## Try it:
Reproduce the full listing below unchanged, apart from the pictures.

## Supplied information:
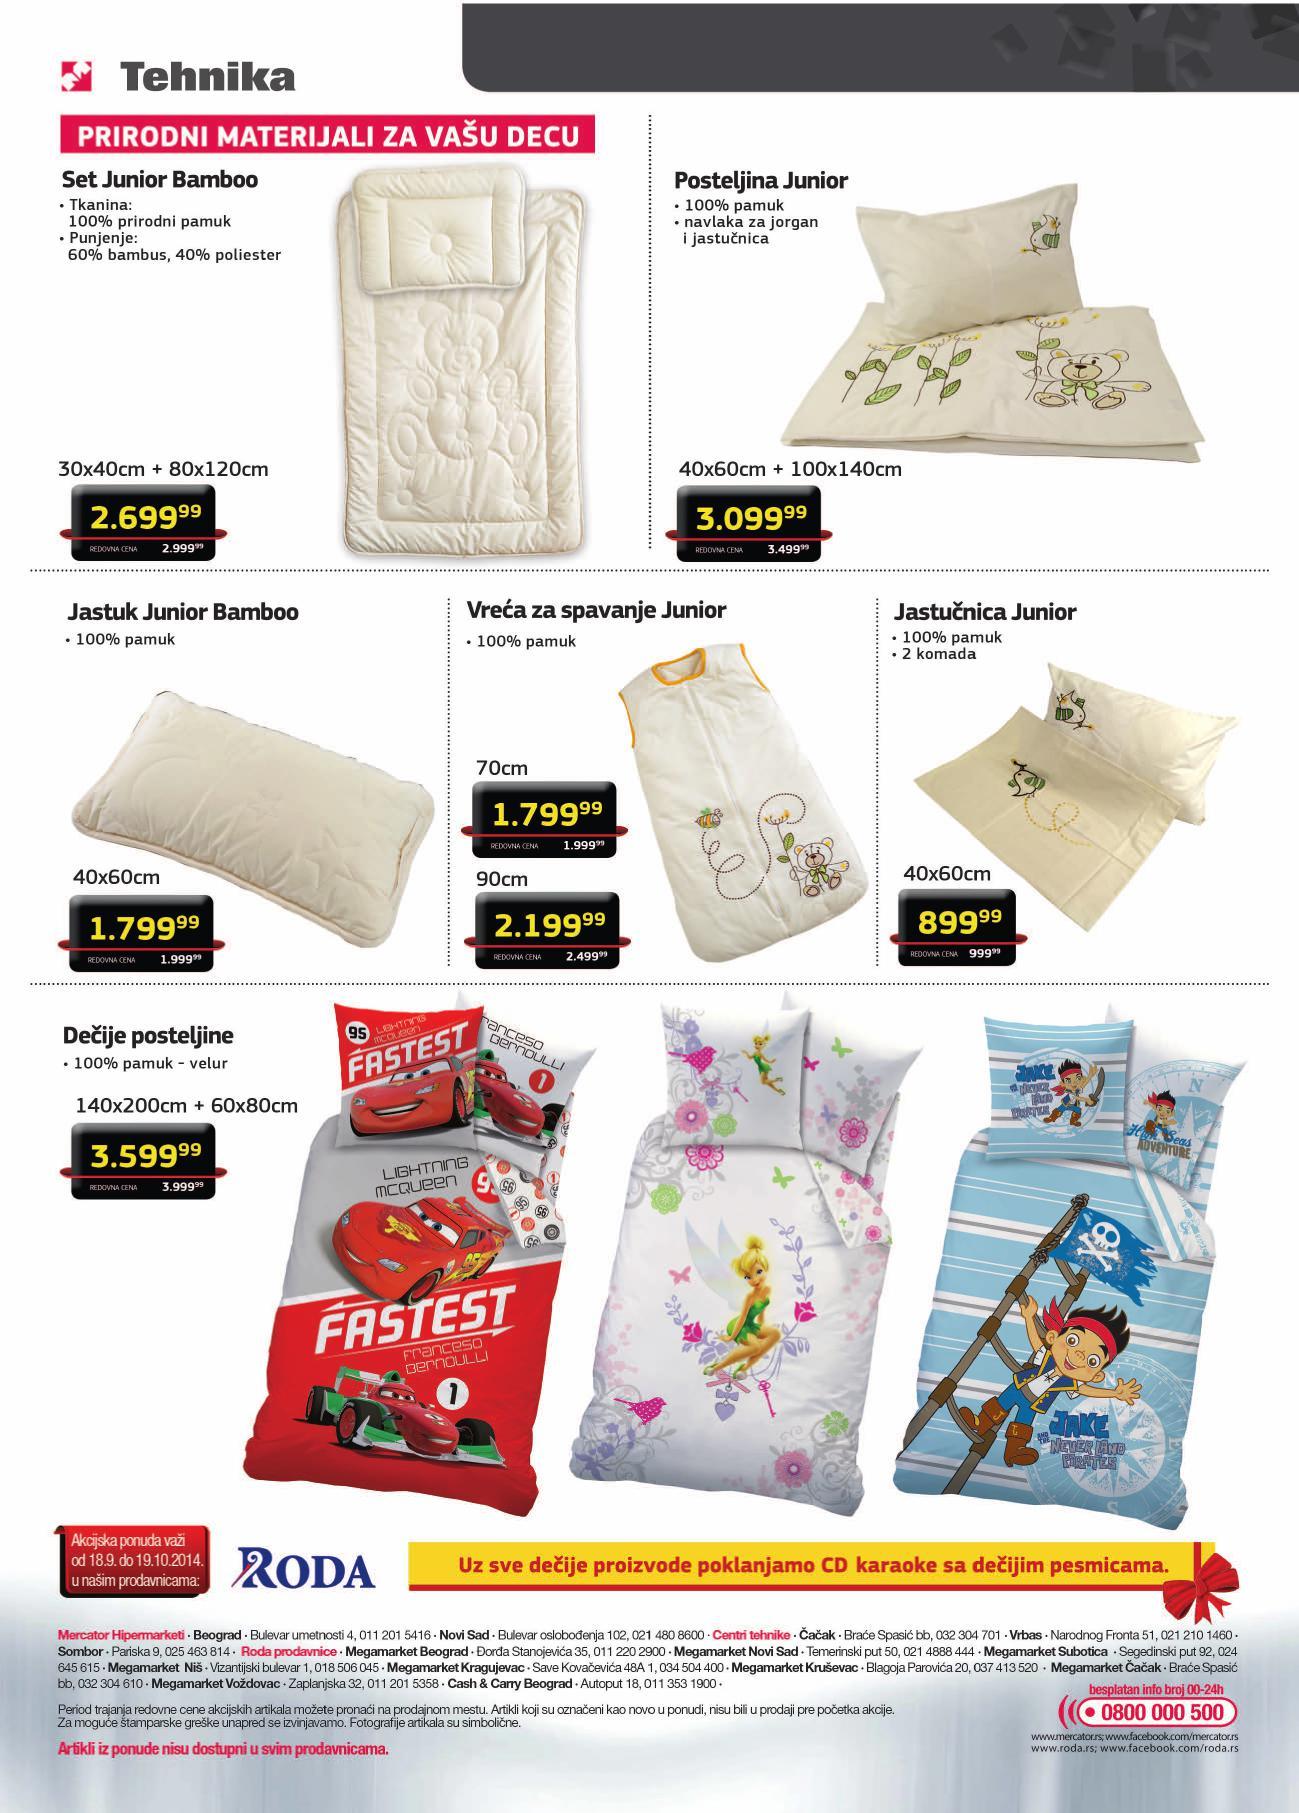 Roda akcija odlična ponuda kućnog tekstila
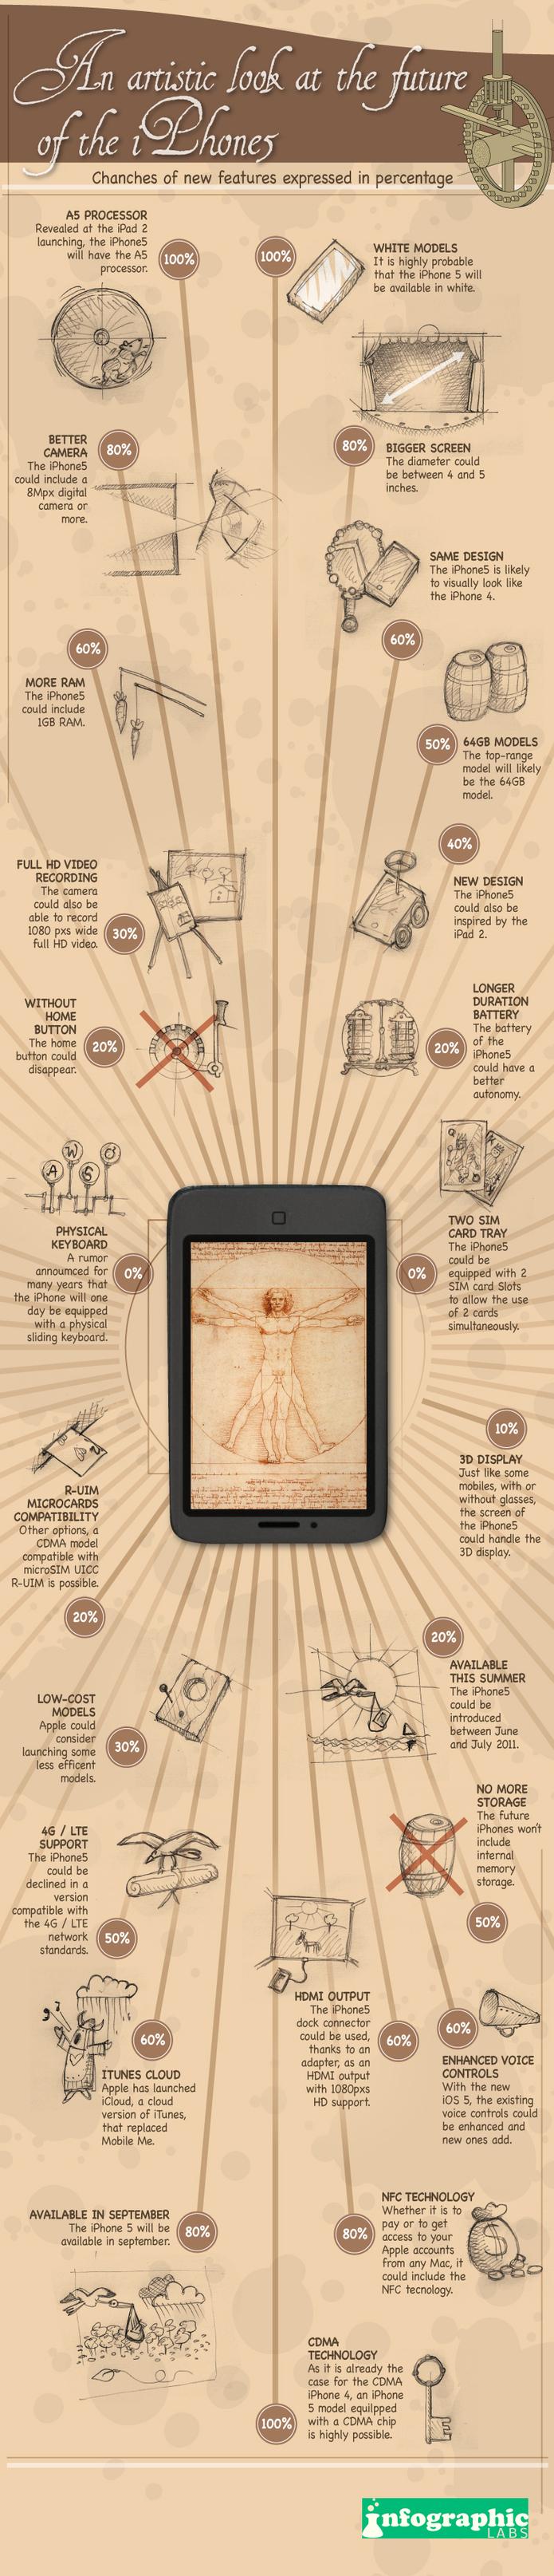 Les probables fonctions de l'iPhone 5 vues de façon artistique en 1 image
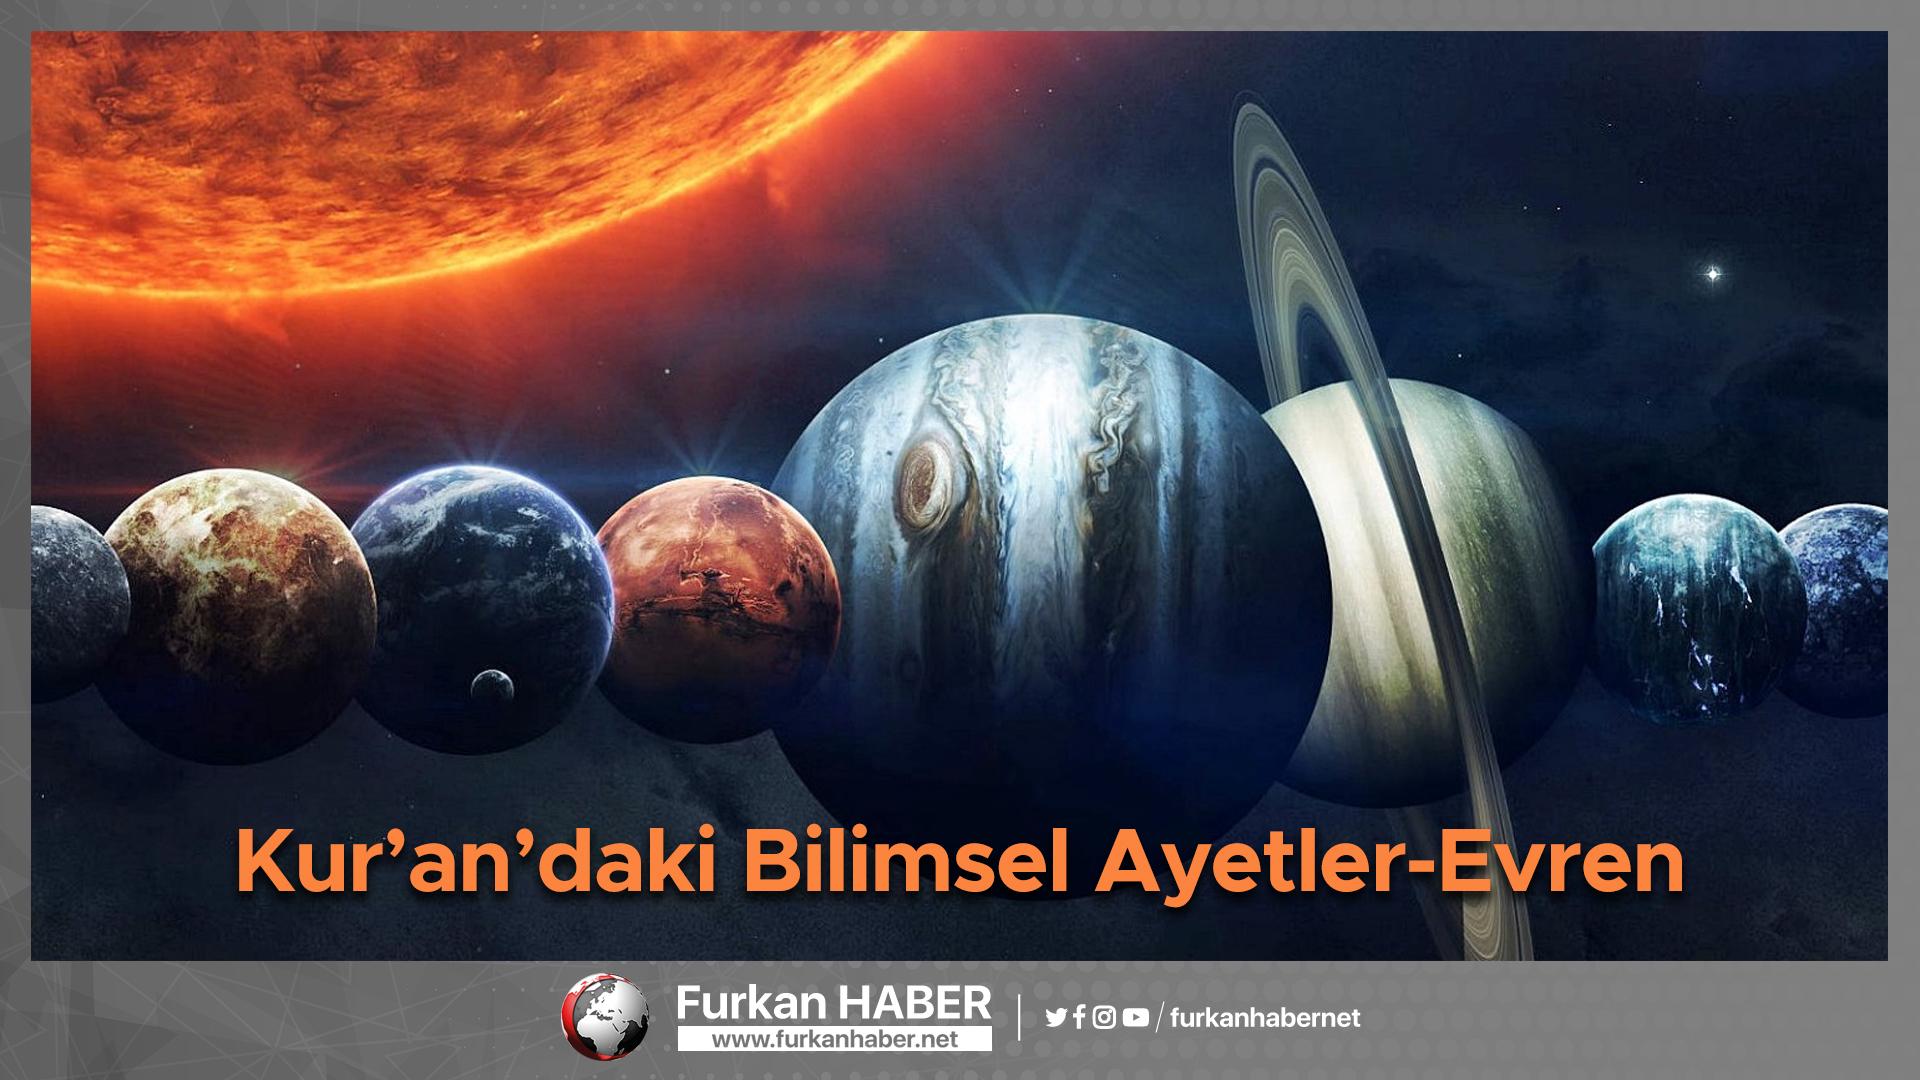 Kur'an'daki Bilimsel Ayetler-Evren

## Written solution:
 Roda akcija odlična ponuda kućnog tekstila
 Les probables fonctions de l'iPhone 5 vues de façon artistique en 1 image
 Kur'an'daki Bilimsel Ayetler-Evren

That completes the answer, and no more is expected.